S’ensuit alors un événement d'une importance capital dans la connaissance du phénomène. Pierre de Gassendi (1592-1655), élève de Galilée, employa pour la première fois en 1621 le terme d’aurore boréale. De plus, il se donna l’objectif de décrire de manière objective et scientifique les aurores afin d'abolir les croyances populaires et les superstitions qui persistaient à propos des aurores. Il est notamment témoin d’une aurore dans la nuit du 12 au 13 septembre 1621, qu'il décrit dans son livre Vita Peireskii : « Il y a eu… une clarté remarquable, qui la nuit du 12 au 13, occupa la partie boréale du ciel au point qu’en fût imitée, durant bien des heures, l’aurore la plus éclatante. C’était étonnant, en absence de la lune ; mais apparut comme étant plus étonnant le fait qu’une vapeur émanant de cet endroit et se prolongeant au pôle, se partageât en des sortes de colonnes blanchâtres ou obscures, alternativement disposées et exactement situées à l’horizon ; elles se déplaçaient lentement d’Orient en Occident. Enfin il y eut ce miracle que depuis les blancheurs ; s’élèvent promptement jusqu’au firmament des sortes de pyramides comme des obélisques parfaitement blancs, et que ceux-ci stabilisant, des vapeurs à la fois très minces et très blanches les traversèrent d’un mouvement si rapide qu’elles imitaient l’éclair Â».

 

René Descartes (1596-1650) tenta lui aussi d’expliquer ce phénomène. Il pensait que les aurores étaient dues aux réflexions des rayons du soleil sur des cristaux de glaces dans les nuages polaires.

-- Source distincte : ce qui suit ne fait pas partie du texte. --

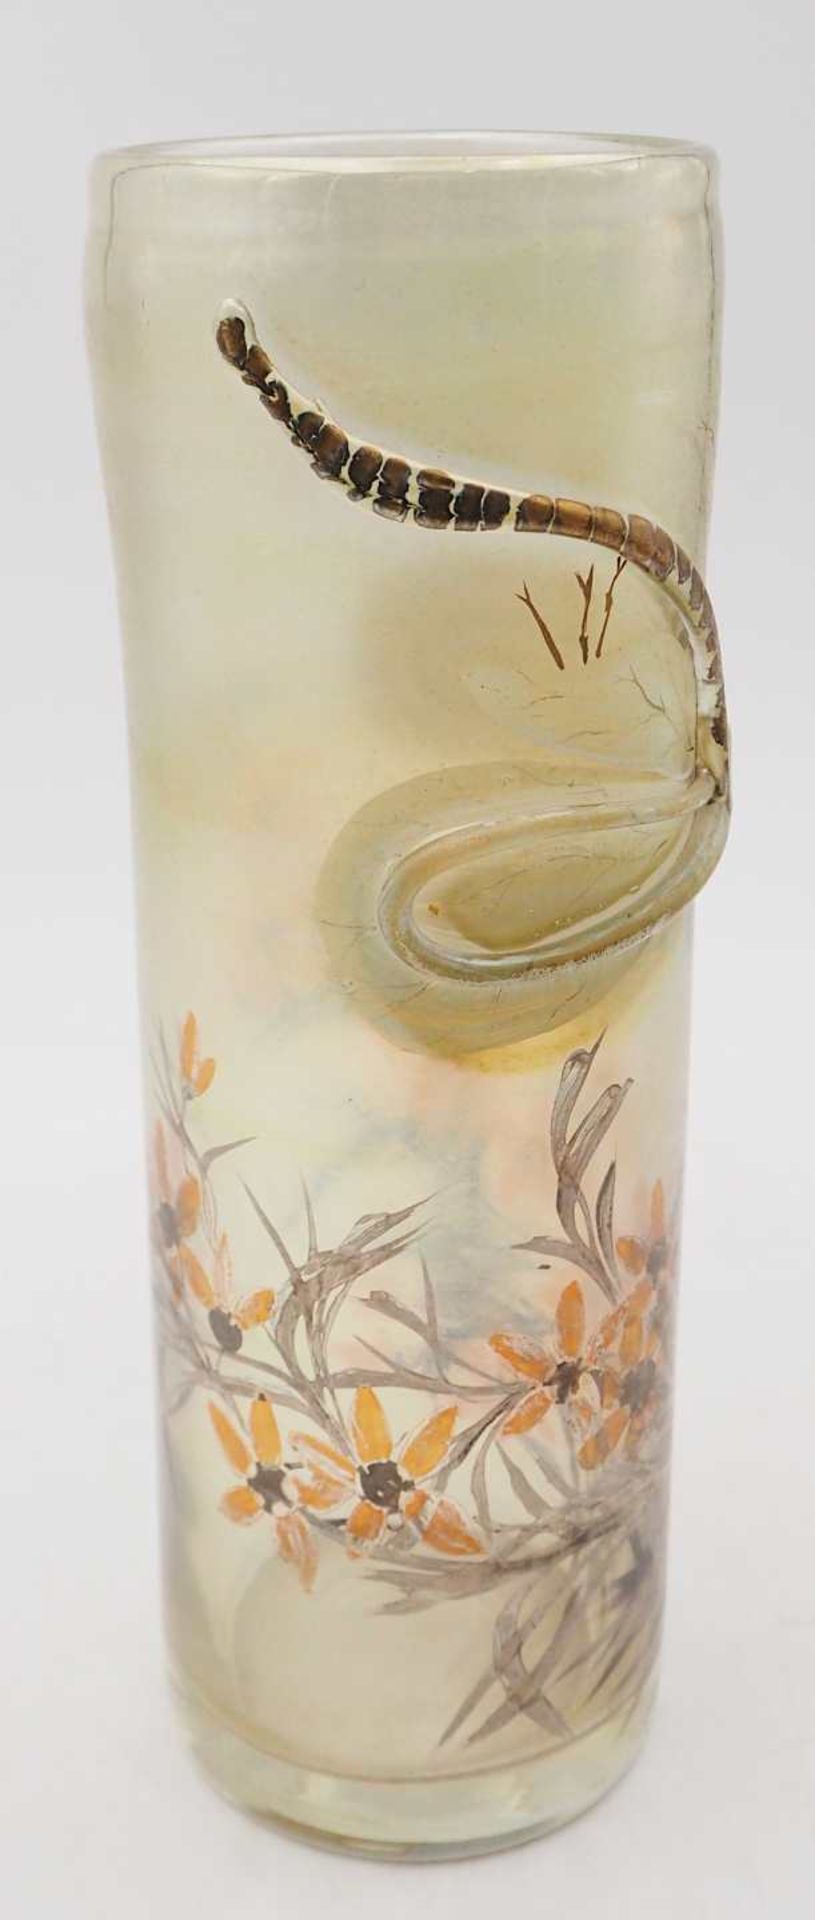 1 Vase signiert Erwin EISCH, Bayerischer Wald Zylinderform, farbloses Glas leicht iris - Bild 3 aus 7

Ainsi, il reprend sans le savoir les hypothèses présentes dans le Miroir du Roi datant du treizième siècle.

 

De 1645 à 1715, aucune observation ne put être réalisée par les savants. En effet, cette période correspond au minimum de Maunder (du nom du physicien qui identifia la plus faible activité solaire). Durant cette période, les conditions nécessaires à la formation des aurores n'étaient pas réunies, et le climat terrestre était assez froid, du moins en Europe, en Amérique du Nord et en Chine (micro période glaciaire). Il faut donc attendre quelques années avant que des études scientifiques très sérieuses ne voient le jour.